Item 27. Other Expenses of Issuance and Distribution of Securities Being Registered
All figures are estimates:
Registration fees | $ | 15,563 | ||
Legal fees | $ | 166,260 | ||
Printing fees | $ | 2,322 | ||
Blue Sky fees | $ | 28,601 | ||
Accounting fees | $ | 10,000 | ||
Miscellaneous Fees | $ | 13,489 | ||
Total | $ | 236,235 |
Item 28. Persons Controlled by or Under Common Control With Registrant
Not applicable.
Item 29. Number of Holders of Securities
Title of Class | Number of Shareholders* | |
Shares | 1 |
* As of May 4, 2018.
Item 30. Indemnification
Sections 8.1-8.4 of Article VIII of the Registrant’s Agreement and Declaration of Trust states:
Section 8.1 | Limitation of Liability. Neither a Trustee nor an officer of the Trust, when acting in such capacity, shall be personally liable to any person other than the Trust or a beneficial owner for any act, omission or obligation of the Trust, any Trustee or any officer of the Trust. Neither a Trustee nor an officer of the Trust shall be liable for any act or omission in his capacity as Trustee or as an officer of the Trust, or for any act or omission of any other officer or any employee of the Trust or of any other person or party, provided that nothing contained herein or in the Act shall protect any Trustee or officer against any liability to the Trust or to Shareholders to which he would otherwise be subject by reason of willful misfeasance, bad faith, gross negligence or reckless disregard of the duties involved in the conduct of the office of Trustee or the duties of such officer hereunder. |
Section 8.2 | Indemnification. The Trust shall indemnify each of its Trustees and officers and persons who serve at the Trust’s request as directors, officers or trustees of another organization in which the Trust has any interest as a shareholder, creditor, or otherwise, and may indemnify any trustee, director or officer of a predecessor organization (each a “Covered Person”), against all liabilities and expenses (including amounts paid in satisfaction of judgments, in compromise, as fines and penalties, and expenses including reasonable accountants’ and counsel fees) reasonably incurred in connection with the defense or disposition of any action, suit or other proceeding, whether civil or criminal, before any court or administrative or legislative body, in which he may be involved or with which he may be threatened, while as a Covered Person or thereafter, by reason of being or having been such a Covered Person, except that no Covered Person shall be indemnified against any liability to the Trust or its Shareholders to which such Covered Person would otherwise be subject by reason of bad faith, willful misfeasance, gross negligence or reckless disregard of his duties involved in the conduct of such Covered Person’s office (such willful misfeasance, bad faith, gross negligence or reckless disregard being referred to herein as “Disabling Conduct”).

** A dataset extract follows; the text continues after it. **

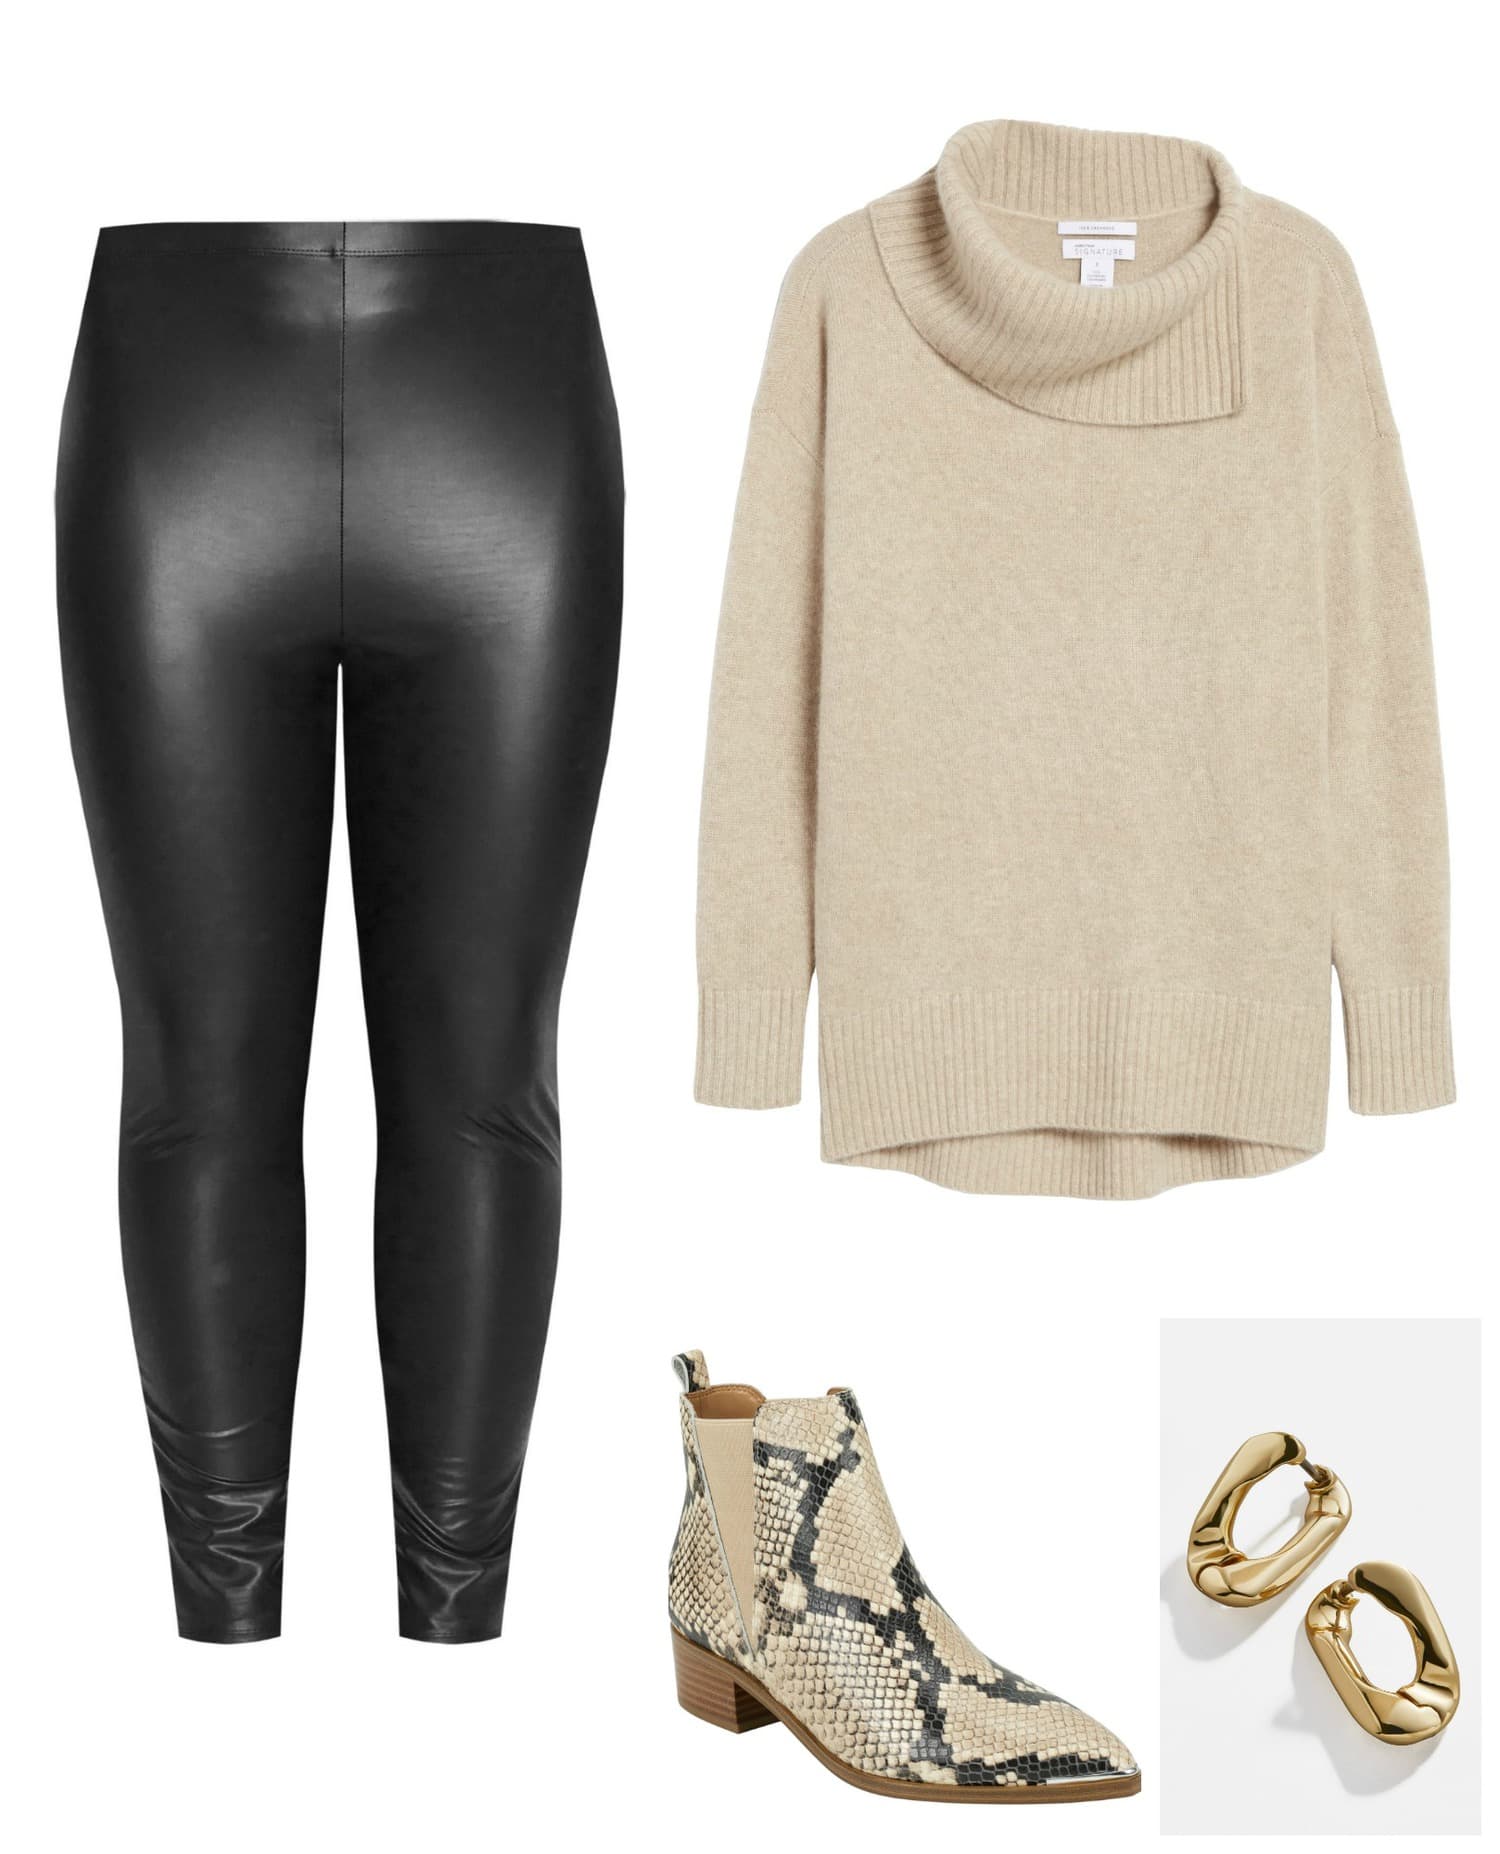 shoes to wear with faux leather leggings

Expenses, including accountants’ and counsel fees so incurred by any such Covered Person (but excluding amounts paid in satisfaction of judgments, in compromise or as fines or penalties), may be paid from time to time by the Trust in advance of the final disposition of any such action, suit or proceeding upon receipt of (a) an undertaking by or on behalf of such Covered Person to repay amounts so paid to the Trust if it is ultimately determined that indemnification of such expenses is not authorized under this Article VIII and either (b) such Covered Person provides security for such undertaking, (c) the Trust is insured against losses arising by reason of such payment, or (d) a majority of a quorum of disinterested, non-party Trustees, or independent legal counsel in a written opinion, determines, based on a review of readily available facts, that there is reason to believe that such Covered Person ultimately will be found entitled to indemnification. |
Section 8.3 | Indemnification Determinations. Indemnification of a Covered Person pursuant to Section 8.2 shall be made if (a) the court or body before whom the proceeding is brought determines, in a final decision on the merits, that such Covered Person was not liable by reason of Disabling Conduct or (b) in the absence of such a determination, a majority of a quorum of disinterested, non-party Trustees or independent legal counsel in a written opinion make a reasonable determination, based upon a review of the facts, that such Covered Person was not liable by reason of Disabling Conduct. |
Section 8.4 | Indemnification Not Exclusive. The right of indemnification provided by this Article VIII shall not be exclusive of or affect any other rights to which any such Covered Person may be entitled. As used in this Article VIII, “Covered Person” shall include such person’s heirs, executors and administrators, and a “disinterested, non-party Trustee” is a Trustee who is neither an Interested Person of the Trust nor a party to the proceeding in question. |
Additionally, the Registrant’s various agreements with its service providers contain indemnification provisions.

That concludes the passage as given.